Жалко только, тот смотрел не на Коломбину, а куда-то в сторону.
– М-да, странного много, – пробормотал он, едва ли расслышав толком ее слова. – «Умри, умри» – это впечатляет. Но есть одно обстоятельство, еще более удивительное.
– Какое?
– Разве не удивительно, что голос завывал до самого рассвета?
– Ну и что? – подумав, спросила Коломбина.
– Аваддон повесился не позже трех часов ночи. Ведь когда Стахович в четвертом часу стал настойчиво колотить в стену, ответа уже не было. Да и результаты вскрытия указывают, что смерть произошла около т-трех. Если Зверь был послан Смертью призвать любовника, то зачем надрываться до самого рассвета?
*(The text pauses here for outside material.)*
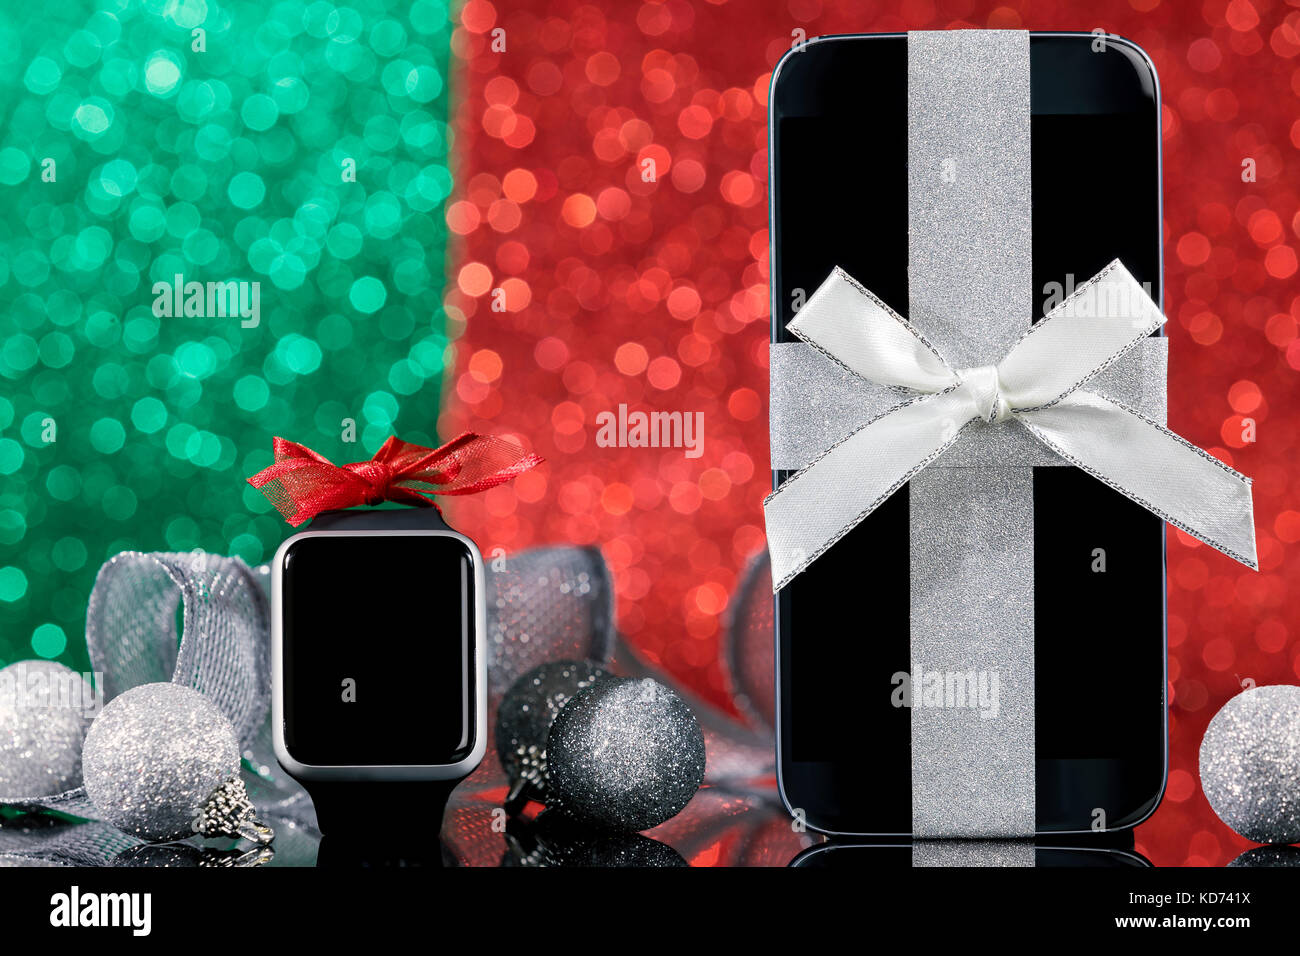 Smartphone and smartwatch and decorations for Christmas tree on black glass table over green and red background. Focus on smartphone. Stock Photo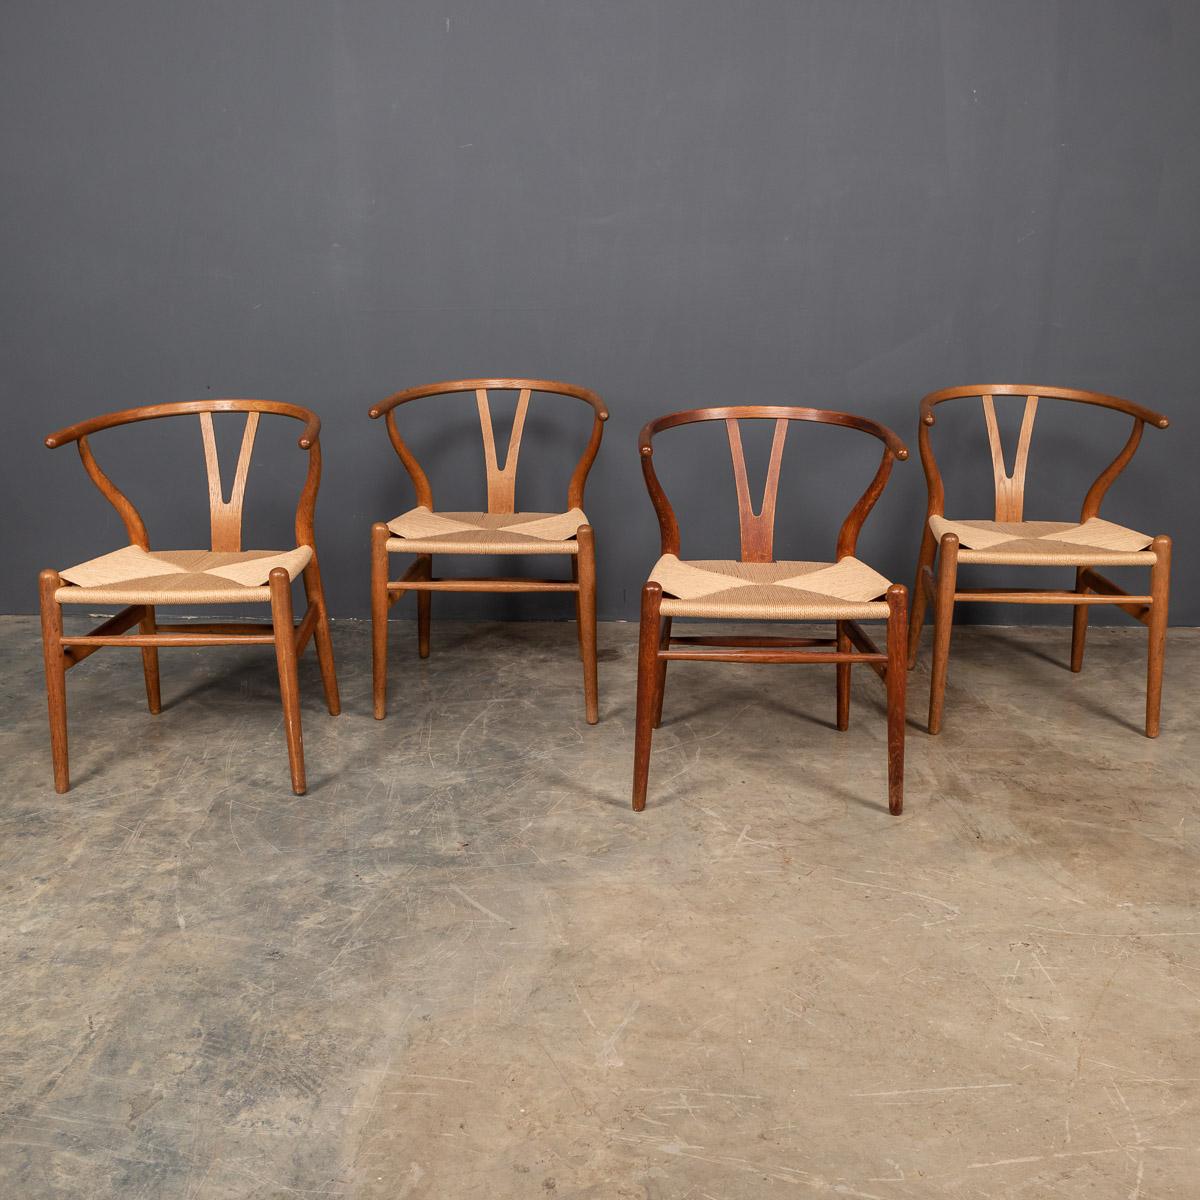 Iconic mid-20th century set of four Wishbone dining chairs, also known as the CH24 Chair or Y Chair is a chair designed by Hans Wegner in 1949 for Carl Hansen & Søn. The chair features a bentwood armrest and a paper cord rope seat in an woven

Ведь призванный уже прибыл?
– Может быть, Зверь его оплакивал? – неуверенно предположила Коломбина.
Гэндзи посмотрел на нее с укоризной:
– С его, звериной, точки зрения, следовало бы не плакать, а радоваться. И потом: человек уже давно умер, а Зверь все нудит: «Умри, умри». Какой-то т-туповатый у Смерти посланец, не находите?
Да, таинственного и непонятного в этой истории много, подумала Коломбина. И, главное: зачем всё-таки, сударь, вы взяли меня с собой?
Голубые глаза принца смотрели на нее приязненно, но без подоплеки.
Одно слово – ребус.
С Басманной долго ехали мимо каких-то больниц и казарм, постройки понемногу съеживались, улицы из каменных превратились в деревянные, и в конце концов начался совсем деревенский пейзаж. Впрочем, Коломбина мало смотрела по сторонам, всё еще находясь под впечатлением от явленного ей откровения. Ее спутники тоже молчали.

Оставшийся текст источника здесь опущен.